From: willy tarreau (wtarreau@yahoo.fr)
Date: Fri Oct 06 2000 - 03:32:24 EST


> Donald's email server has been down for few days, my
> machine was not able to send him e-mail.
ok.

> Regarding your last patch -- it does not include the
> documentation update (ifenslave.c compile problem is
> solved).

yes, it's just what I've discovered yesterday evening.
I'll attach the complete bonding.txt here, and rebuild
the patch later.

> BAD RESULTS.
> It did not work with SMP kernel on Compaq (worked

ok, very interesting. IMHO, the only way to get into
this trouble is a problem when setting a link up. I'll
try to investigate, perhaps I'll have access to a
dual-ppro today.

> (the link detection worked fine and was reported
even
> when the network was dead).

so the MII in the interfaces drivers works correctly.

> As soon as packets were queued to be sent via the
> second NIC, the network would effectively die.

I believe the eepro driver can reset itself under
certain conditions (it includes its own timer for
this). I don't know exactly why, but if this happens,
I can imagine the trunk seeing the interface go down.

> saw a lot of messages like "eth1: transmit timeout,
> status..."

this tends to validate the last possibility.

> With both the old and the new patch, trying to bring
> the second ethernet down (either manually with
> ifconfig or at reboot) would freeze the
> machine.

ok, the problem checking for no active interface
came again.

> It was not a lock-up; machine would respond to
> keyboard, but all commands would get stuck.

you should have had only one CPU completely stuck in
the xmit loop, and the other one processing your
keyboard inputs.

> This could be a case of a Compaq that is not
> properly configured for Linux

nope, the problem should come from my code (very few
experience in SMP code, only multi-threading you
see:-)

> GOOD RESULTS.
> Both the old and the optimized patch work fine on UP

ok, that's all I could verify on my home PC.

> The new patch does indeed optimize the load.

So Thomas was right.

> Caveats.
.../...
> used, then I restore
> the link, IT IS NOT REPORTED but I see with ifconfig
> that both links are used again.

very interesting bug.

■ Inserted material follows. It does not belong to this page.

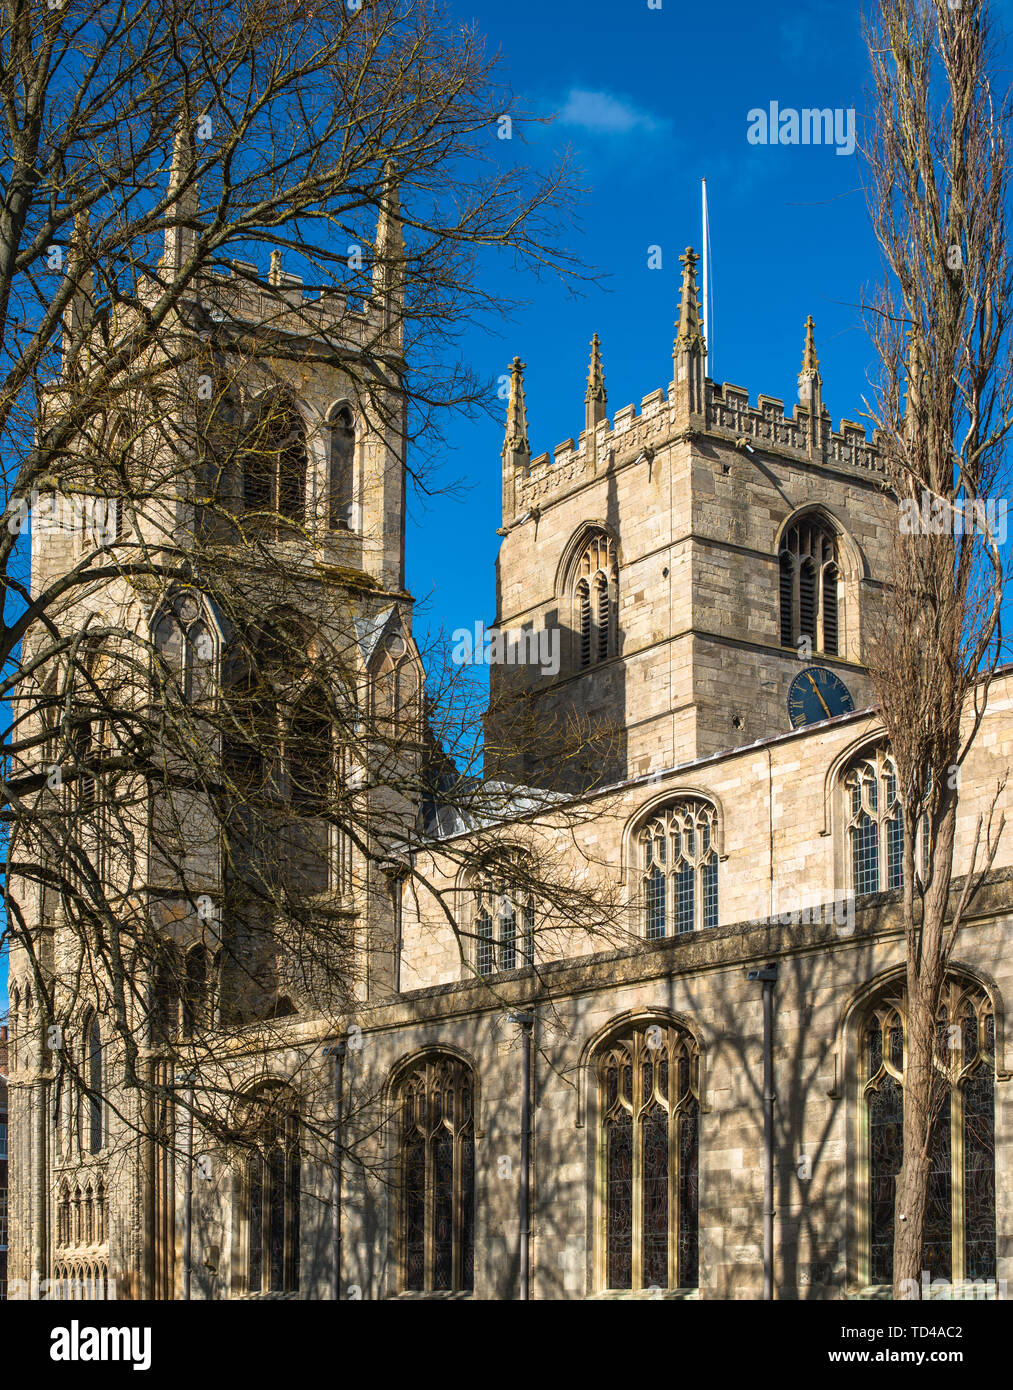 The twin spires of St. Margaret's Church also known as King's Lynn Minster, Kings Lynn, Norfolk, East Anglia, England, United Kingdom, Europe Stock Photo

This may explain the activation
problem at start time on SMP.

> change. No network performance loss (not even short
> time) was observed during a switch to a backup
> interface.

your switches are very interesting. My alteon AD3 take
between 1 and 40 seconds to understand that the MAC
address changed its port.

> A worse case is when a link is restored

I've written a little about thus problem in the doc.
It
was in the TODO to add two timers : one for link down,
one for link up. My alteon take about 10 seconds to
reboot.

> If we are talking about features, we should remove
> the limitation of one bonding interface!!!

when compiled as a module, you're not limited anymore.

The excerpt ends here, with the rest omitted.